My style’s been compared to: “I get a lot of comparisons. I’m honored that people listen to it. So, I got comparisons of like, of course Rod Wave, Roddy Ricch, Mo3, who else? Shit, I got [a] CeeLo Green comparison, which was fucking amazing. If you’re taking the time to listen to me, you can compare me to who you want to compare me to, long as you’re listening, and I appreciate that.”
I’m going to blow up because: “Well, the first time I realized that it was good was when I got hit up by Moe [Shalizi of The Shalizi Group]. I had put the song out, but it wasn’t really doing well at all. So, I didn’t really think of nothing. It got 1,000 views, if that. And when you get a random call from somebody like, ‘Yo, your song is fire and I want to talk to you about maybe pushing your career,’ that’s when you know you have something. When someone calls you, you don’t know who they are, but they believe in you. And that’s when I felt like, You know what? I really might have something different.”

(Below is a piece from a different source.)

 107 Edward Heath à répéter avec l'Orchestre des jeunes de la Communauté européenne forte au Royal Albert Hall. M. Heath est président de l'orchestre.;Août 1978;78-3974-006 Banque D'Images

What’s your most slept-on song, and why?: “I don’t feel like everything is being slept on, because I feel like every song up is up to people’s opinions. So I think ‘Switched Up’ is probably one of those songs where it got overshadowed by ‘Low Key,’ but it still gets love. People still might be like, ‘Oh, ‘Quicksand’ is my favorite, but I like ‘Low Key,’ or, ”Low Key’ is my favorite but I like…” But I feel like ‘Switched Up’ gets lost in the middle. But this new single that’s coming, too, ‘Low Key’ may get lost as well, too, but it’s supposed to be that way. I’m supposed to have songs where people say, ‘That last song was dope, but this song is better.'”
My standout records to date have been: “I think because when I wrote the song [‘Quicksand’], I really was just telling a story, and the story is so relatable. When you got a story that everybody feel like, ‘Oh, shit, I had them kind of clothes,’ or ‘I made this bad decision,’ or ‘I really was going through this,’ you have something that resonates with somebody’s heart. I’m learning that now. You got to make shit that people can just understand.

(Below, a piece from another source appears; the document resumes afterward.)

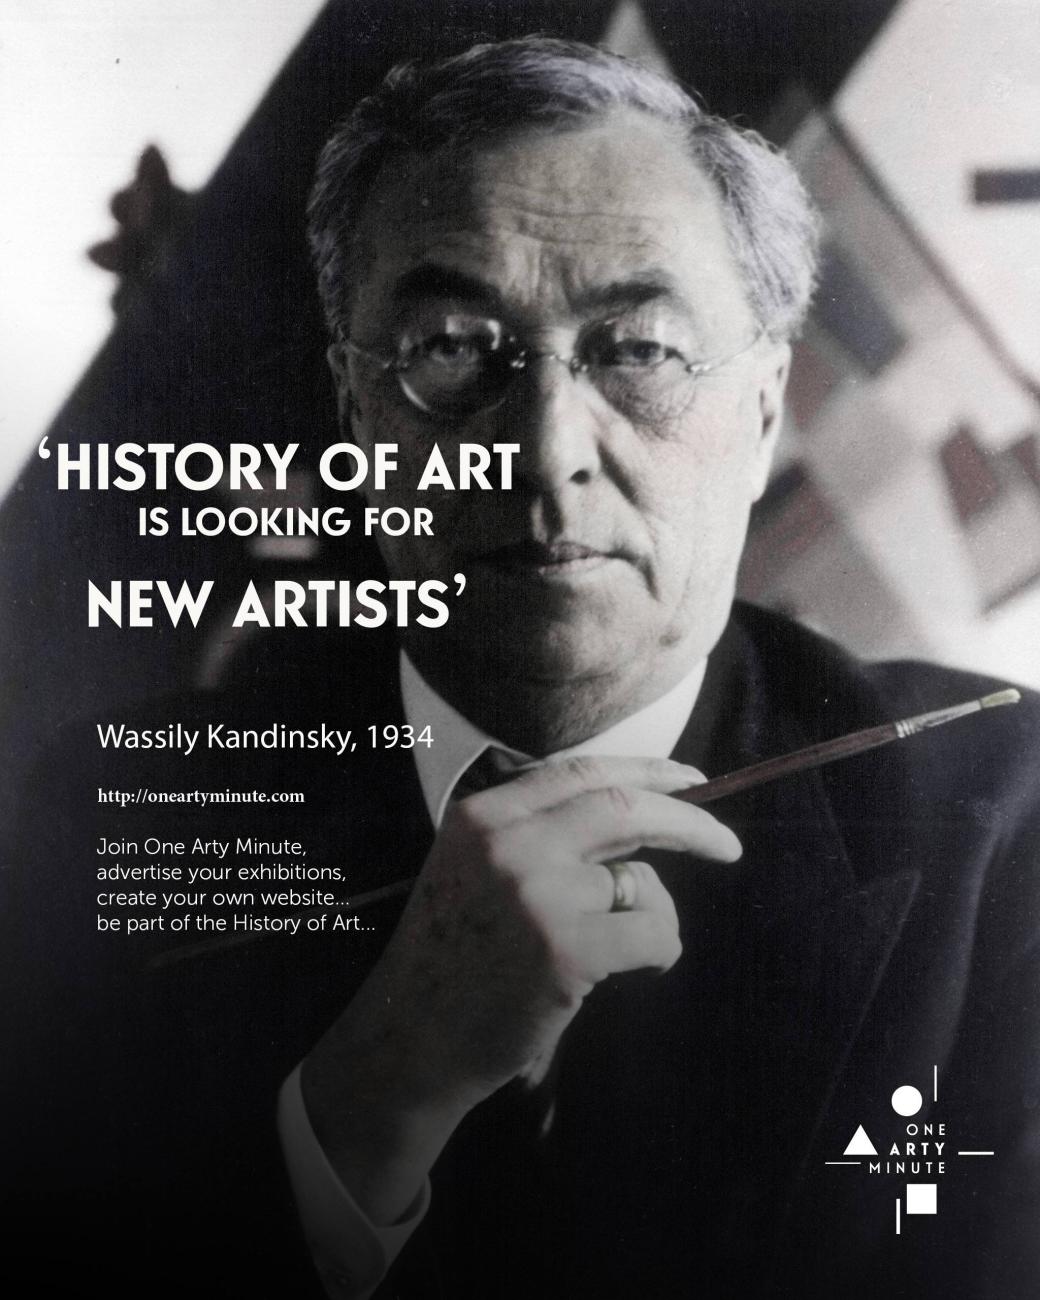 Wassily Kandinsky, Rejoignez One Arty Minute, annoncez vos expositions, vendez vos oeuvres et créez votre catalogue raisonné

“I was so fricking surprised. I was shocked out my goddamn mind when I saw these crazy views. I didn’t think the truth was going to sell. Everybody want to hear like, ‘Oh, I got big jewels. I got big cars,’ and I don’t, you feel me? So, I didn’t know if they were going to accept the fact that I’m telling you stories of how I came up and how I still live, rather than tell you, show, sell you the fantasy.”

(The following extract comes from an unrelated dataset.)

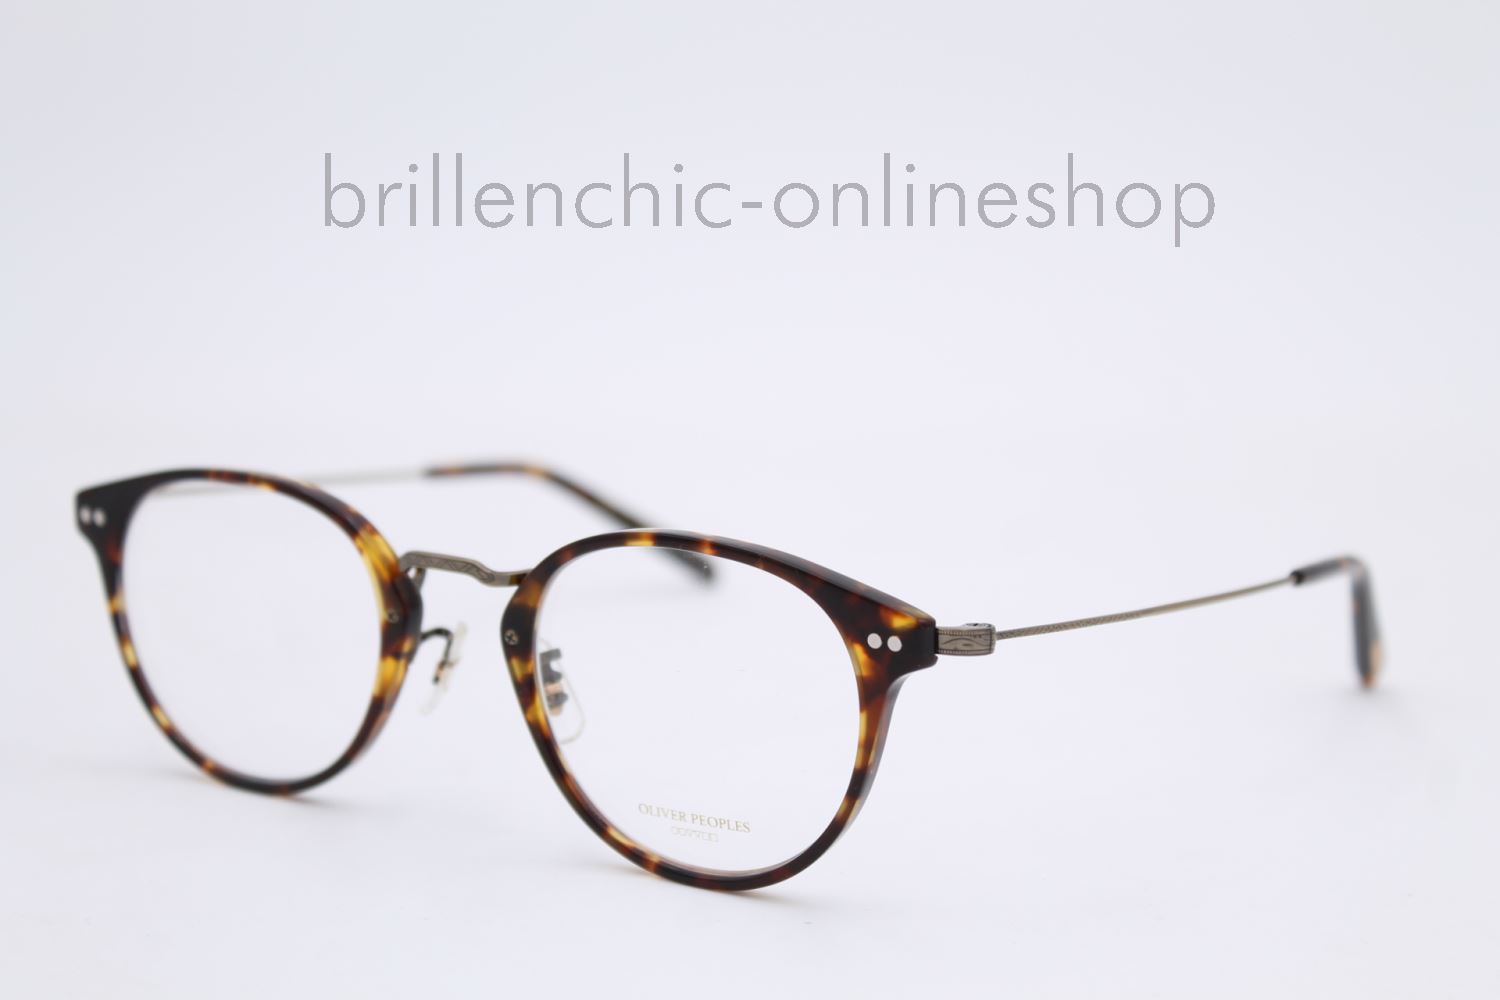 Brillenchic - onlineshop Berlin Ihr starker Partner für exklusive Brillen  online kaufen/OLIVER PEOPLES CODEE OV 5423U 5423 1654 exklusiv im  Brillenchic-Onlineshop

My standout moments to date have been: “The biggest moment, I can say my first 100,000 views. I ain’t going to lie to you, a million is dope, but when I first got the 100,000, I really… It hit me like, Oh, shit, I may actually have something. Because you don’t get a 100,000 views in my hood. Most of them get 20,000, if that. So when I got 100,000 views, I was sitting with my team, we were just hanging out, and I got, I low-key broke down. Like, damn, the Lord is really blessing me to the point where 50,000 pairs of eyes have just seen my video. I ain’t got a better word because I was flabbergasted. I mean I swear to God, I was tripping.”
Most people don’t know: “I write screenplays. It’s weird. I like to write scripts because I really like acting and shit. I want to act one day. So, I really be really focusing on characters and making up characters and making up scenes. And I actually was in a short film [Something’s Got to Give]. I did it a couple of years ago in Spring Lake in North Carolina. We had just shot a little something-something. I don’t want to just be a musician. I want people to see what I can do and be like, ‘Yo, he really keeps me entertained.’ People don’t see it as the people that are listening to your music. Your fans, they your boss. So, when you step out into your job, you got to impress your boss every time.”
I’m going to be the next: “Positive influence in the hood. It may not be that big of a deal to everybody else, but I really want niggas to know you can smile in the hood. You ain’t got to kill everybody, you ain’t got to gang bang. Nigga, be happy. I hate that shit. I hate that the hood is seen as this grimy, evil place where you got to sag your pants and put a gun at niggas’ heads. No, we have barbecues, cookouts, basketball tournaments. It’s fun in the hood sometimes. Niggas got to see that part, too.”